You are still a mother. You still speak that language you studied so carefully, even if you’re afraid to join in conversation.

And I know why you can’t. Sometimes you feel like a shadow, or a phantom, and you’re afraid of the looks on other mother’s faces if you spoke your story. Afraid of their fear. It’s easier to be invisible.

And all of this, this is more proof that you are a mother. A woman who cares so deeply for the feelings and well being of another person that it pains you. You look at children with love, as parents do. You take pride in your experiences of motherhood. You deserve your joy, you deserve your happiness.

Whether or not you hold your own baby in your arms, squirming with life and constant need, you are still a mother. With the weight of your loss, you are not diminished. You are not other. You are one of us- one of the club.

My heart breaks for you, the mother who has experienced the worst of all motherhood has to offer. And it breaks for you for having missed the most joyful. You have lost your child, as fully and truly as the parent of any lost child. And so many people neglect you, ignore your experience. Tell you that you aren’t a “real” mom.

But you are. I know it. And more importantly, you do. You know you became a mother once, and there is no going back. No un-becoming. No erasing the changes in your heart and soul.

You’re doing a good job, mama. Every day you do more than the rest of us can comprehend- you keep going. You keep loving. You keep giving.

You are a good mom.

Even when you’re the only one who knows it.

Comments

To An Invisible Mom — 8 Comments

  1. This. I needed this two years ago when our first child was stillborn at 24 and 5. Apparently, now, two years and two awesome baby boys later, I still needed it. Thank you.

    • Sarah, I’m happy you were able to find some comfort with Lea’s post. She really did offer so much support for moms with her writing.

  2. Thank you. The silence is the hardest part to overcome. I do have three beautiful little kids, but I also have 5 angels. Two I was able to hold, one while she was still breathing, the other three I was never able to lay my eyes or hands on. I rarely share with other mothers the sorrows of my past. When people ask about the large gap in age of my children, I just smile and shrug. It’s a secret. It’s shameful, though I know I did nothing wrong. I knew my babies as they were growing inside me. I was their mother, they were my children and I loved them as deeply and truly as I love my children I hug everyday. I’m so blessed to have been able to have three living breathing kids, but I still feel sorrow for the ones I lost.
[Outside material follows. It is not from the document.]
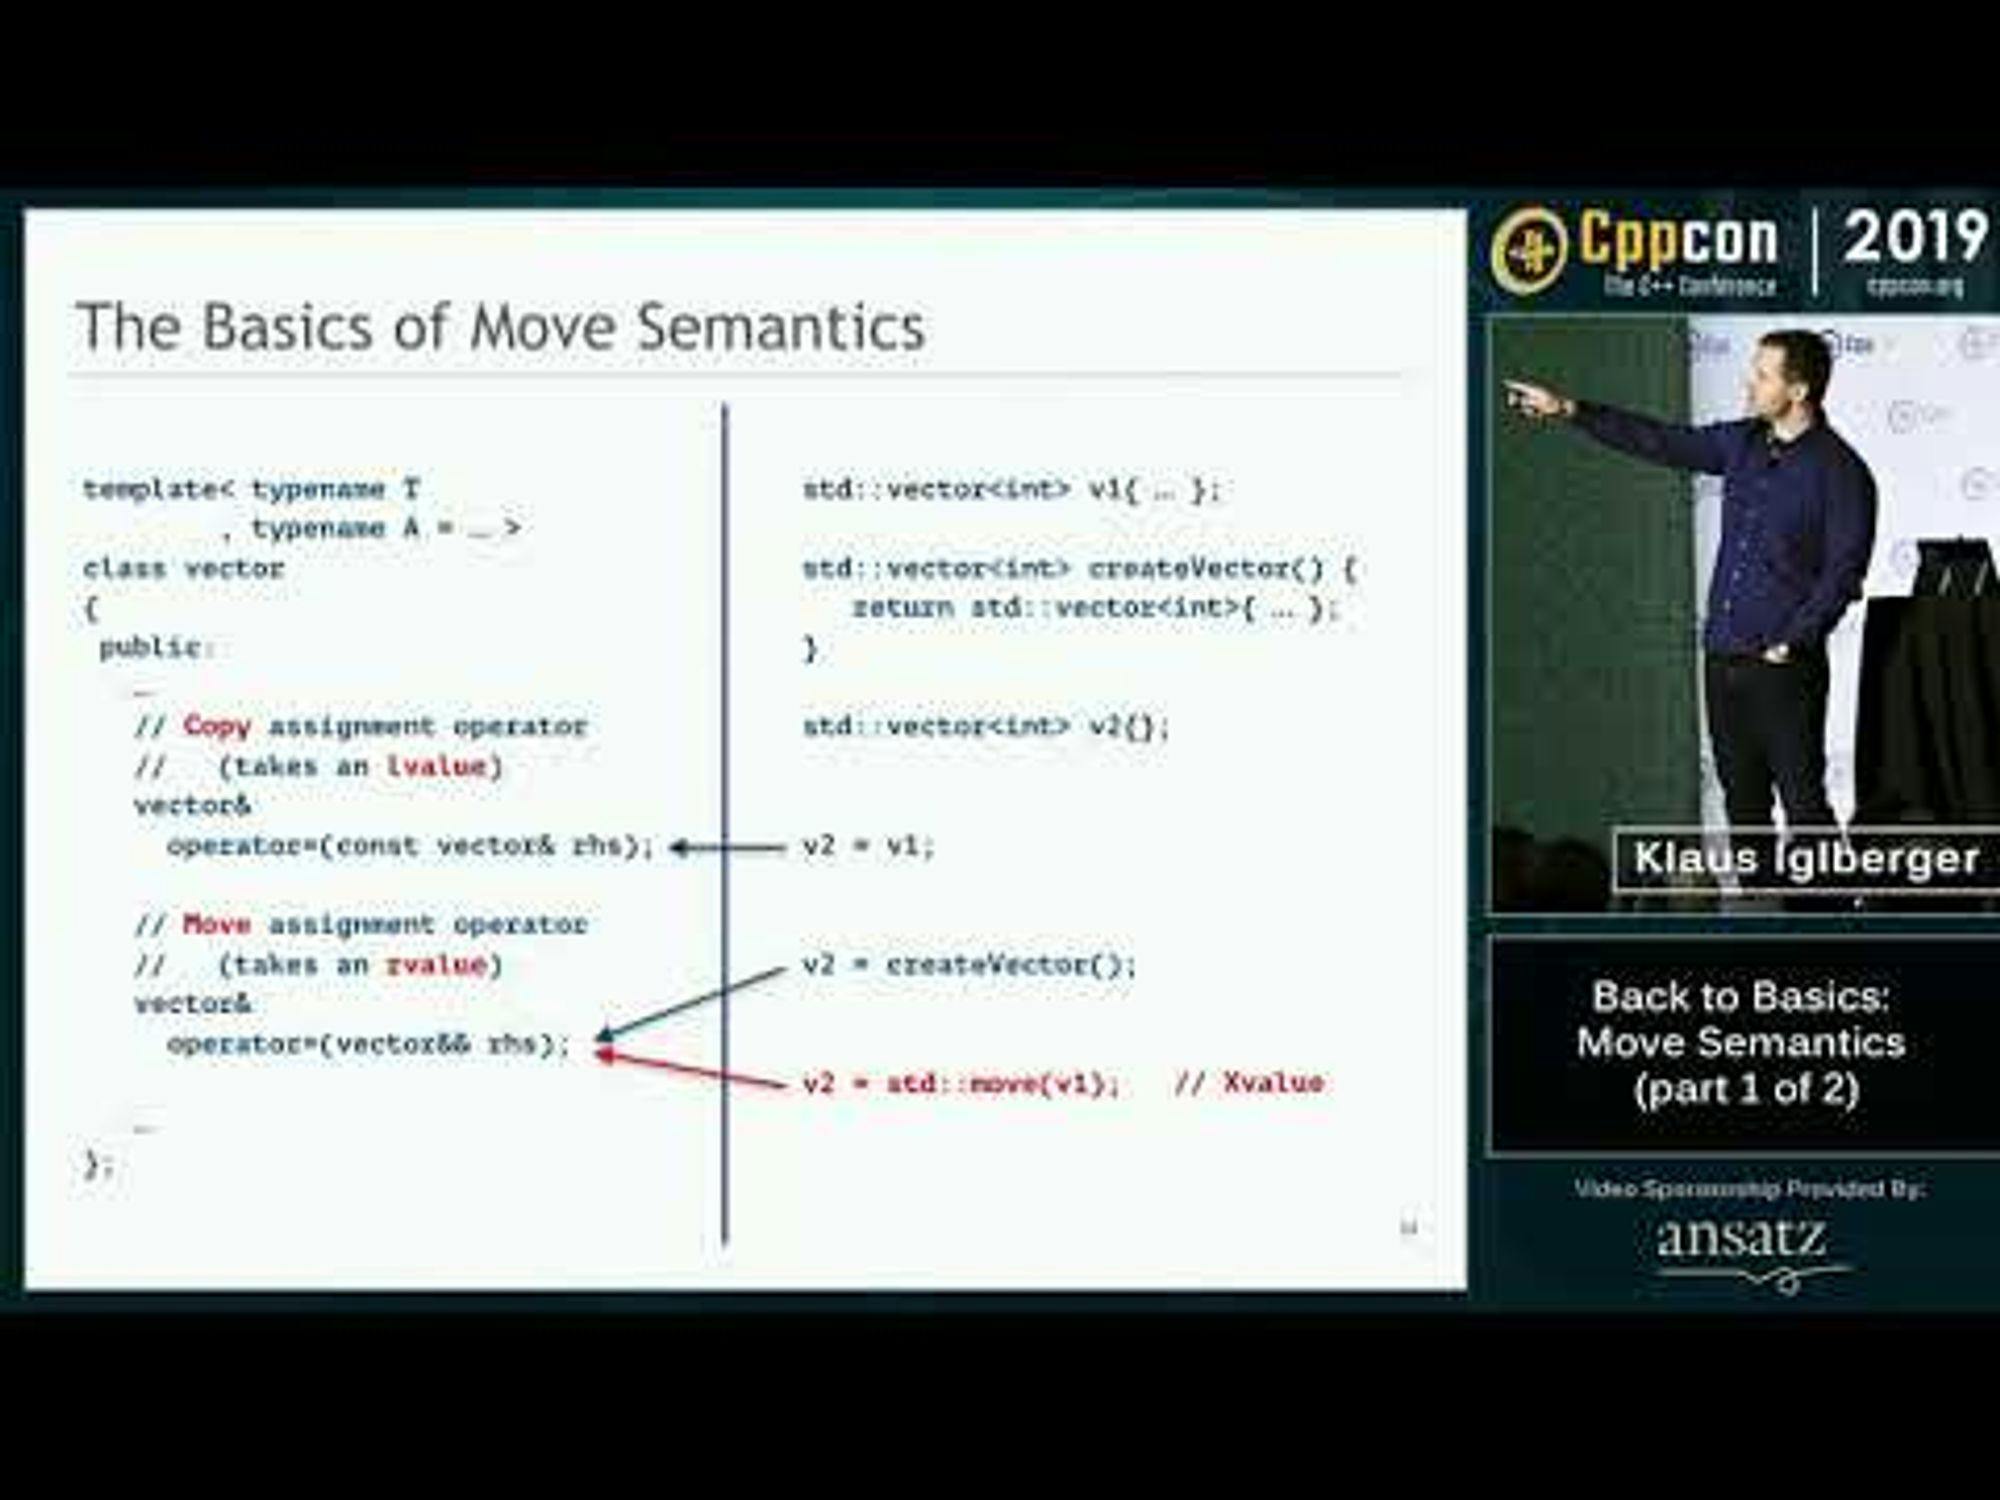 Back to Basics: Move Semantics Part 1

    • Thank you for sharing with us. My heart breaks to hear about the tremendous loss you’ve experienced. I hope Lea’s post will educate moms everywhere about these feelings so many of us are oblivious to. I’m so sorry for you loss and send a great big hug your way.
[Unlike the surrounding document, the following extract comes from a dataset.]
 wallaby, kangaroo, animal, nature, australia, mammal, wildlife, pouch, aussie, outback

  3. Beautifully written. This is something I am grateful I never experienced. Thank you for teaching me to be aware of what others might be suffering and to never question an age gap between siblings.
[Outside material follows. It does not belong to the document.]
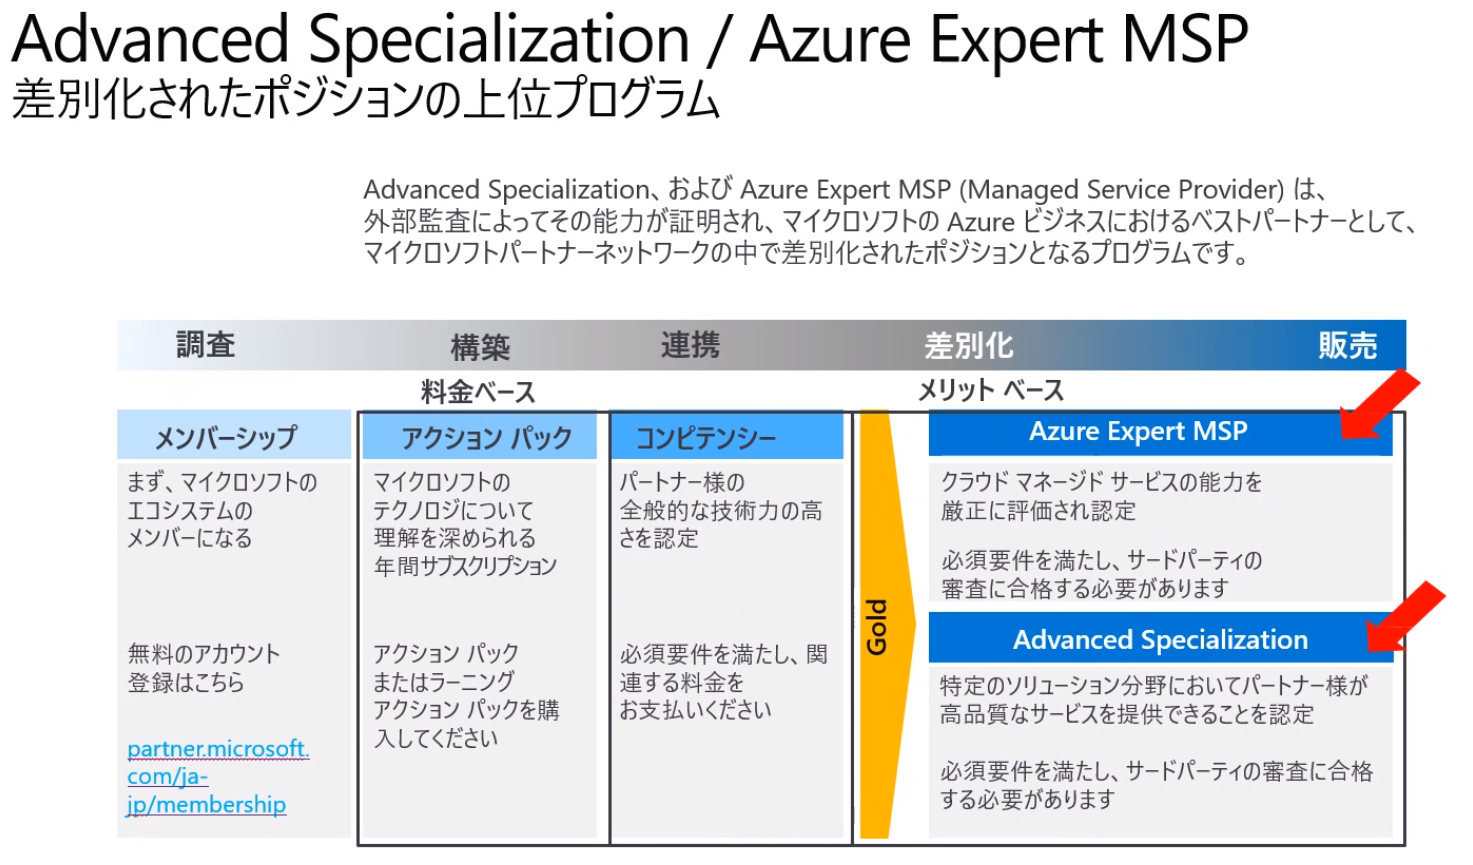 Azure Expert Managed Service Provider^Advanced SpecializationioTF{}CN\tgj

  4. I had another thought as I revisited this tonight. Besides her wonderful advice, if you know a mama who’s baby has died in utero or after birth, please welcome her to talk about it. Not just a Facebook message of concern stating “I’m here if you ever want to talk.” Go to her home, truffles and Kleenex in hand and cry with her. Sob. Curse God, then maybe offer to do it again next week. As time goes on, just like any death, she probably won’t be thinking of her dead baby every minute of every day, but it’s ok if you bring her child up. It’s good to know others remember the child you were robbed of.
    I’m only speaking from my experience, and what I wished for more than almost anything was comfort and someone to cry with me. Instead, I was surrounded by silence, wasn’t invited to two baby showers (probably to protect my feelings, but secretly I’m certain the new mama to be didn’t want my curse, I think I’m joking) . Just please, stop the silence. Allow grief to happen. Realize this woman has a child who will never breath again and she loved that child as much as you love your children.
    Thanks again Lea for your wonderful post.